(Items listed in a dataset)
- - - -

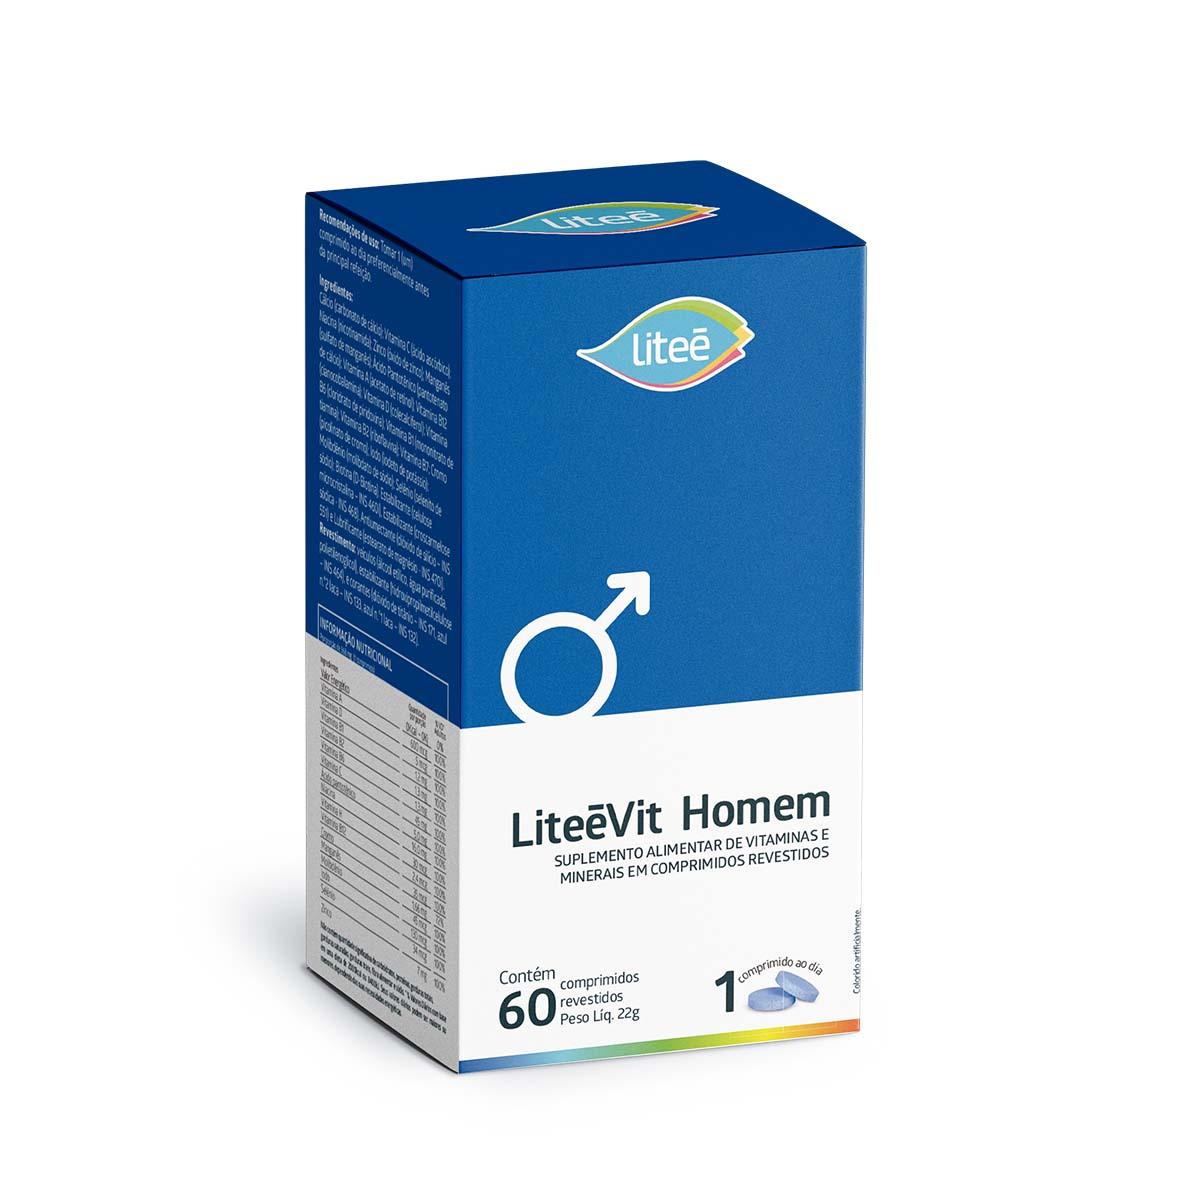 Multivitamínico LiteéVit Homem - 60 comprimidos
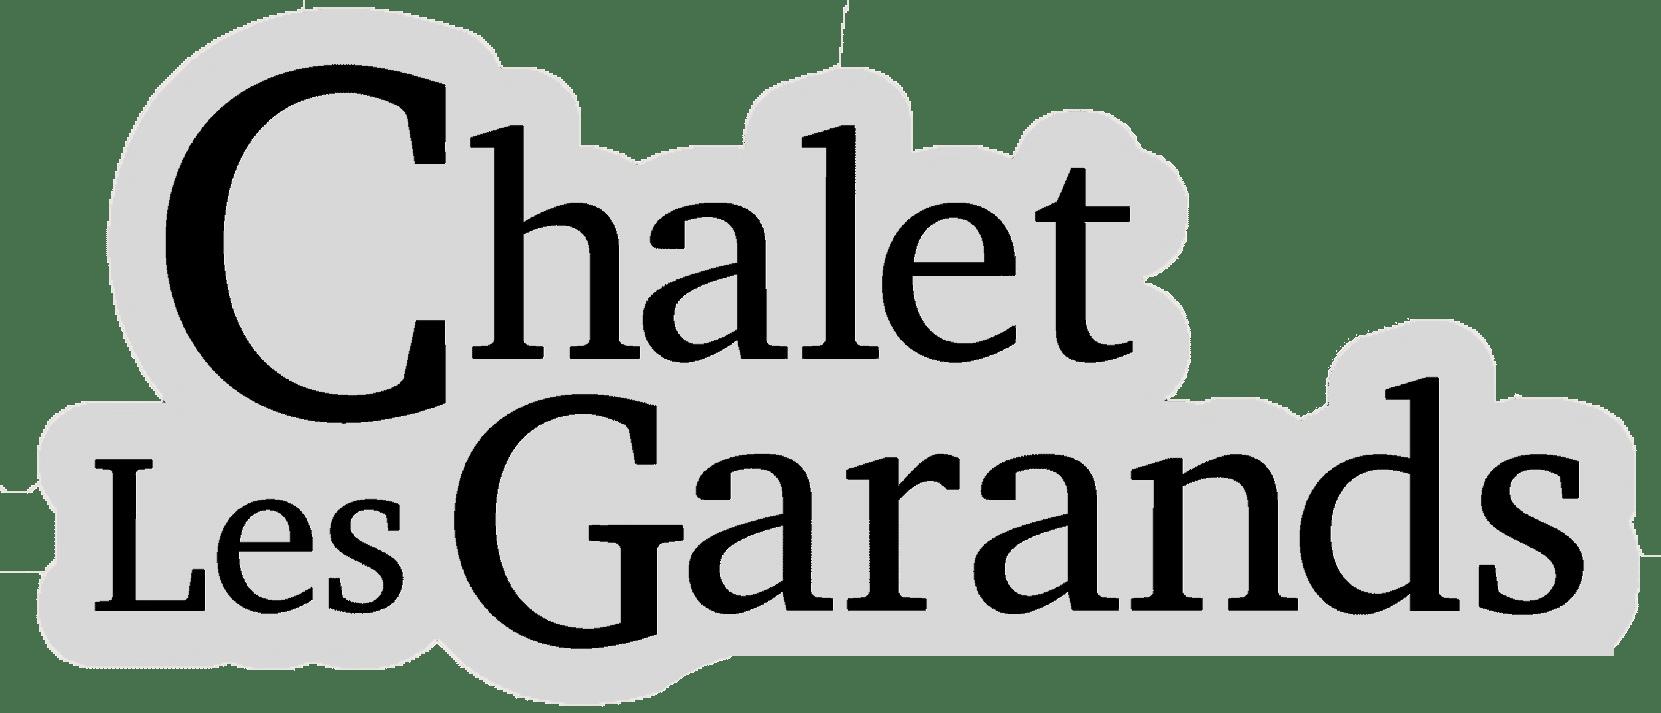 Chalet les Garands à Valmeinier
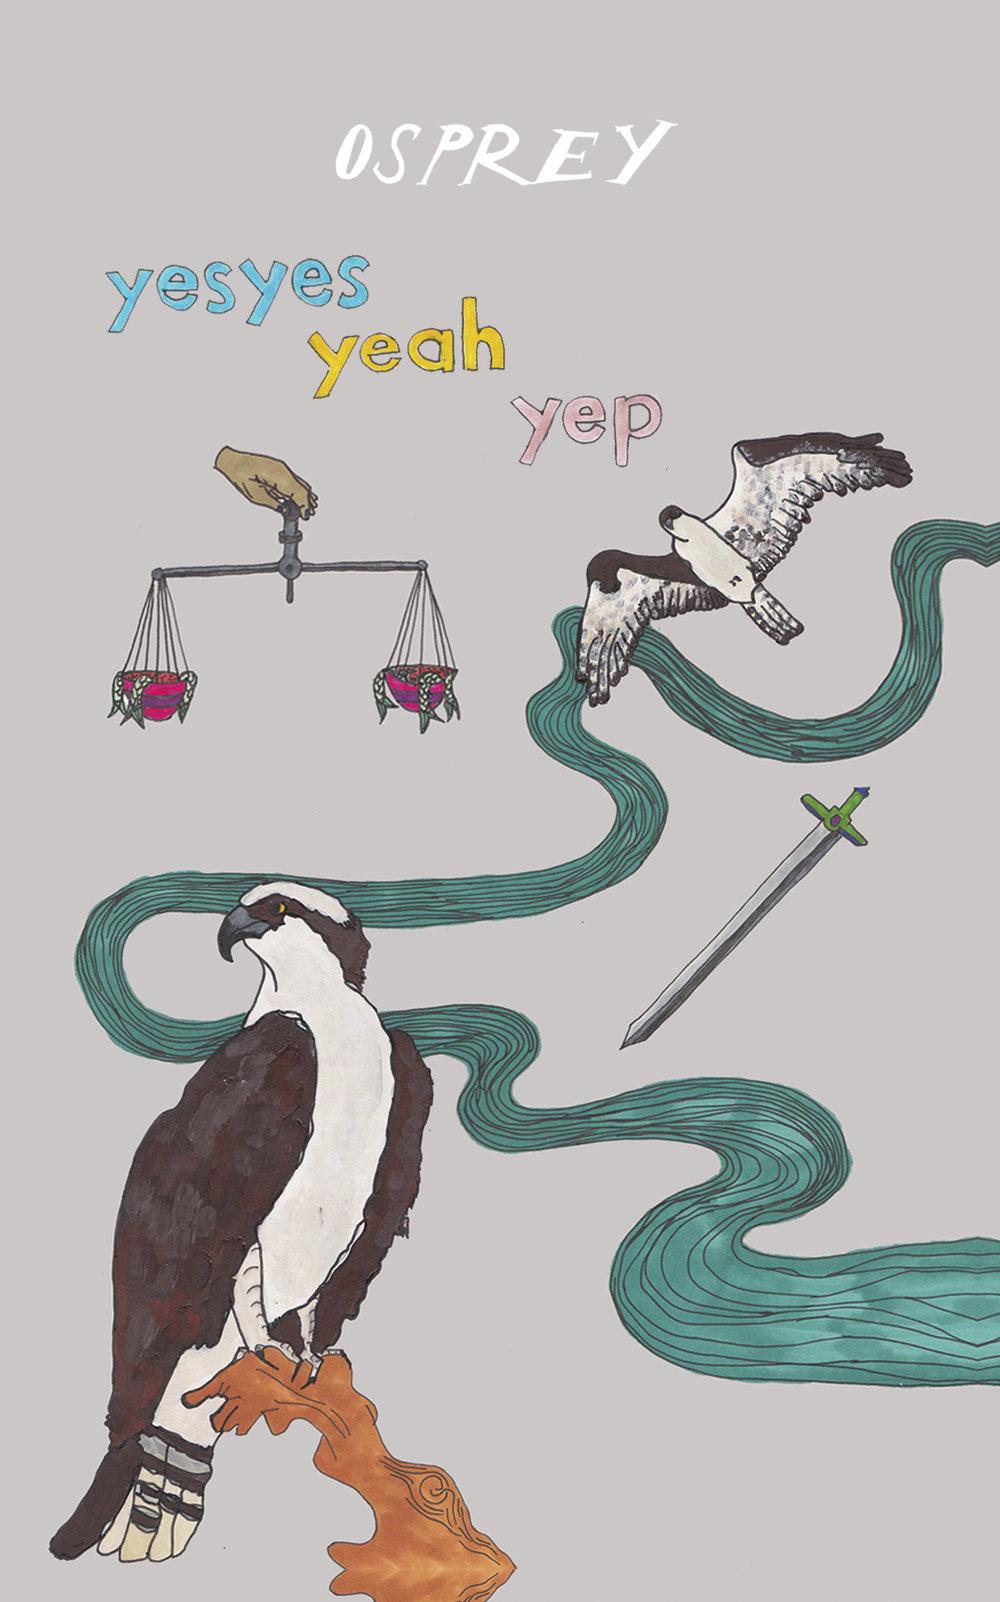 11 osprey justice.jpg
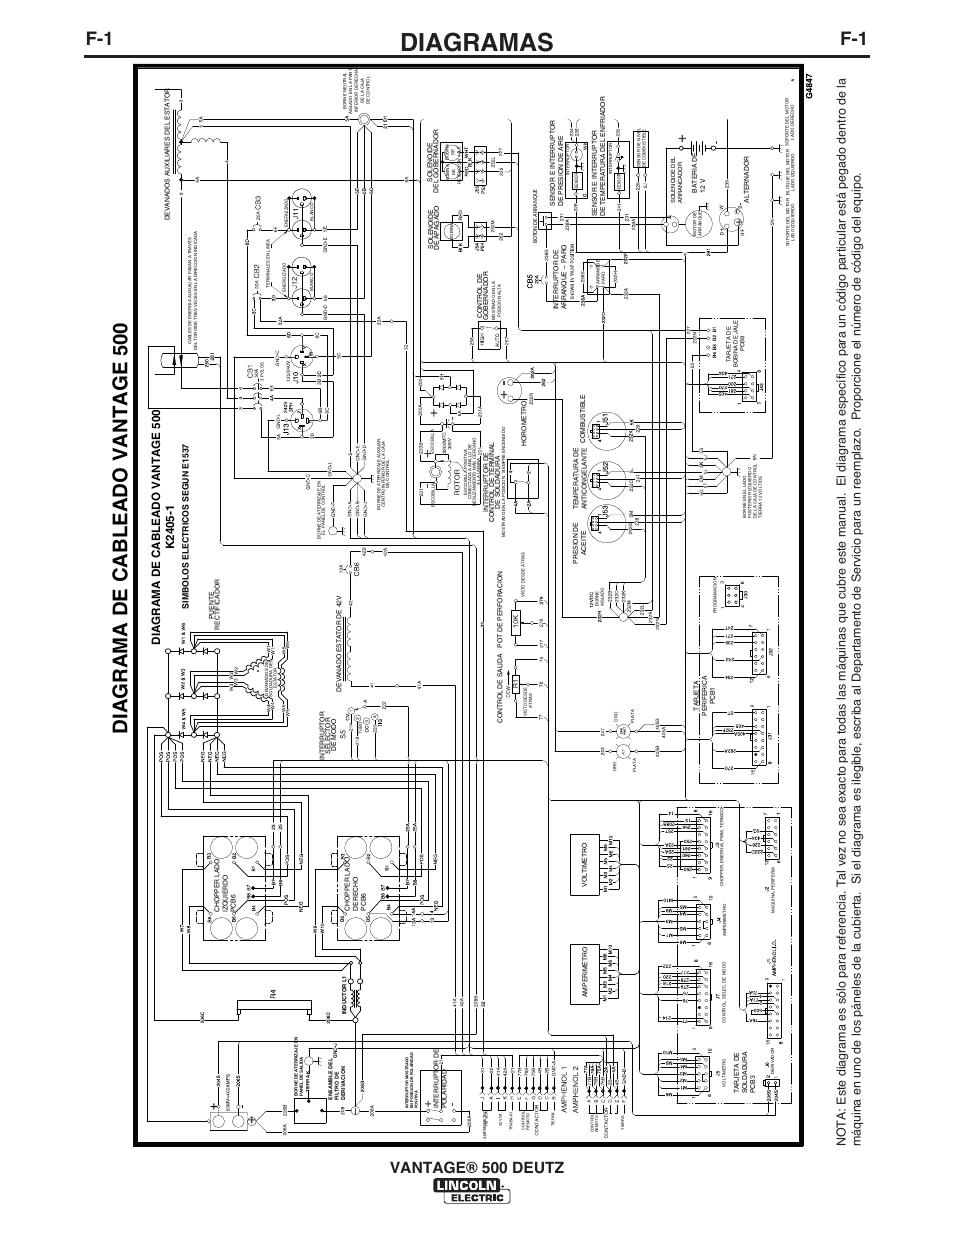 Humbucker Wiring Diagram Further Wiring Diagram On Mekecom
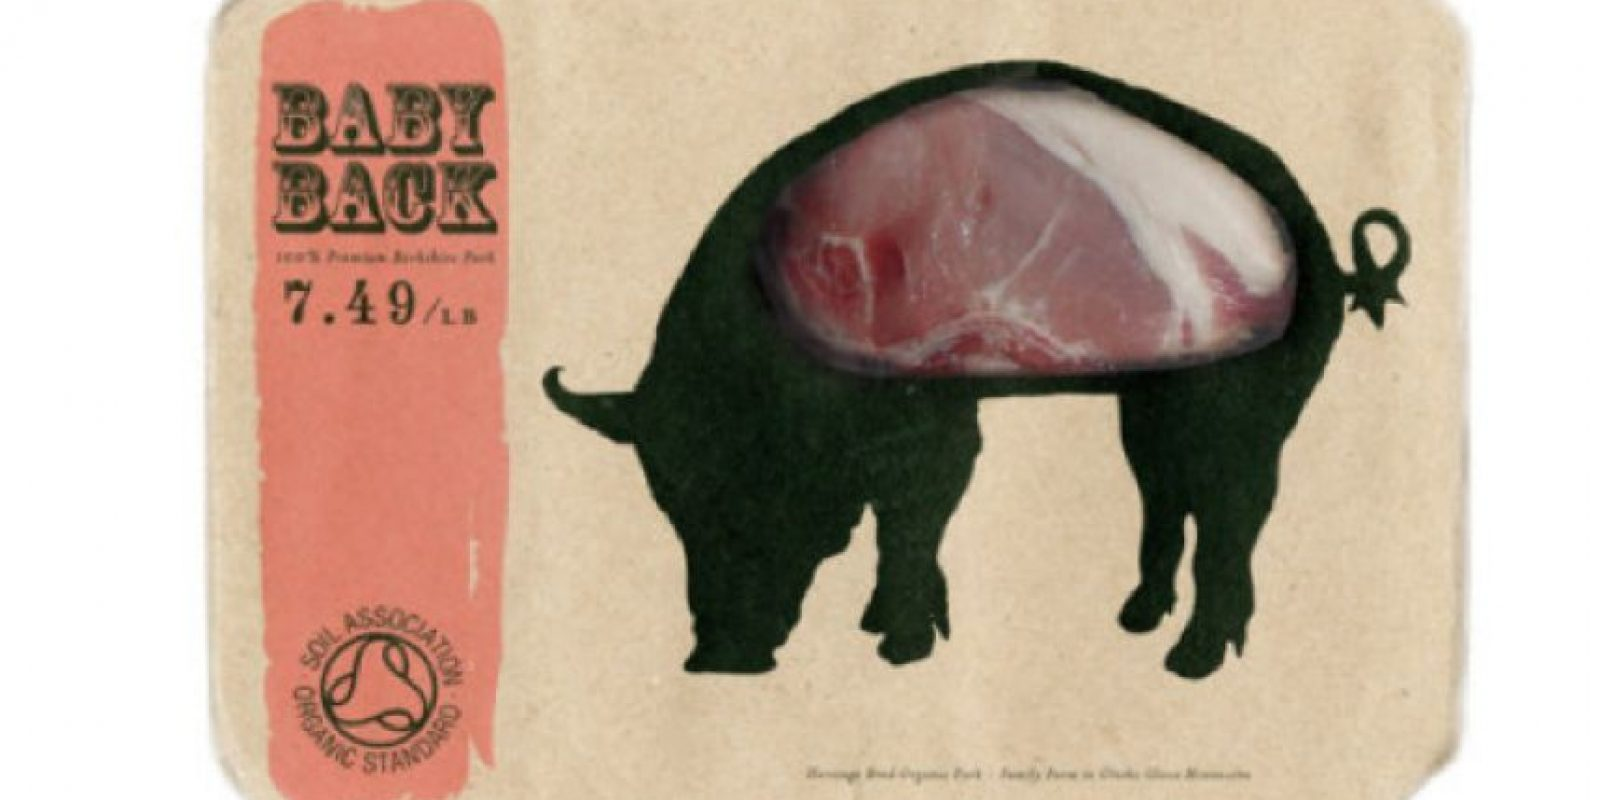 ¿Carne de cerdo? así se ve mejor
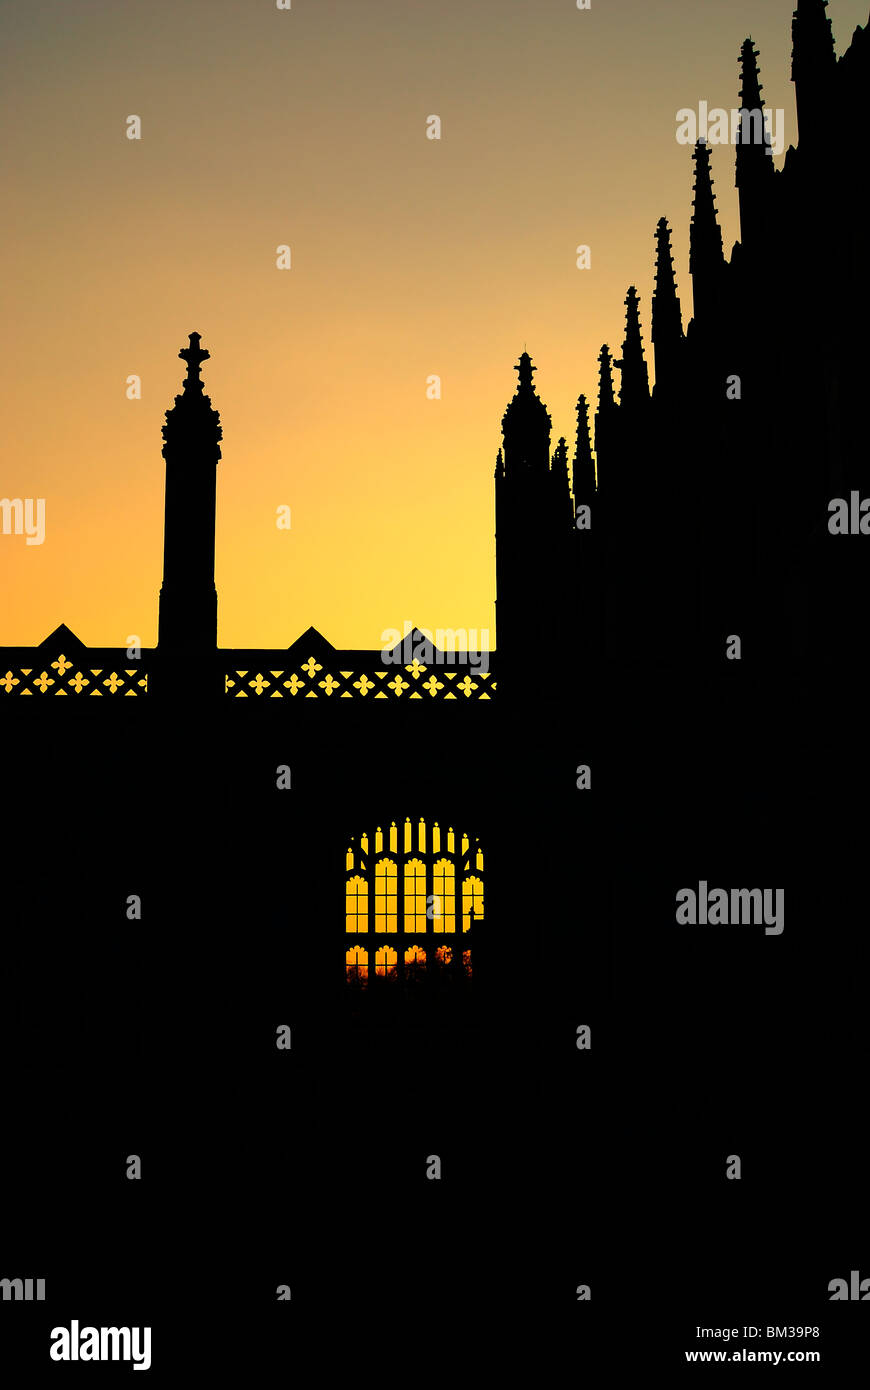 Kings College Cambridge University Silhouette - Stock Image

- - - -

Your reply should consist of the data, transcribed exactly, and should hold no pictures.

 Multivitamínico LiteéVit Homem - 60 comprimidos
 Chalet les Garands à Valmeinier
 11 osprey justice.jpg
 Humbucker Wiring Diagram Further Wiring Diagram On Mekecom
 ¿Carne de cerdo? así se ve mejor
 Kings College Cambridge University Silhouette - Stock Image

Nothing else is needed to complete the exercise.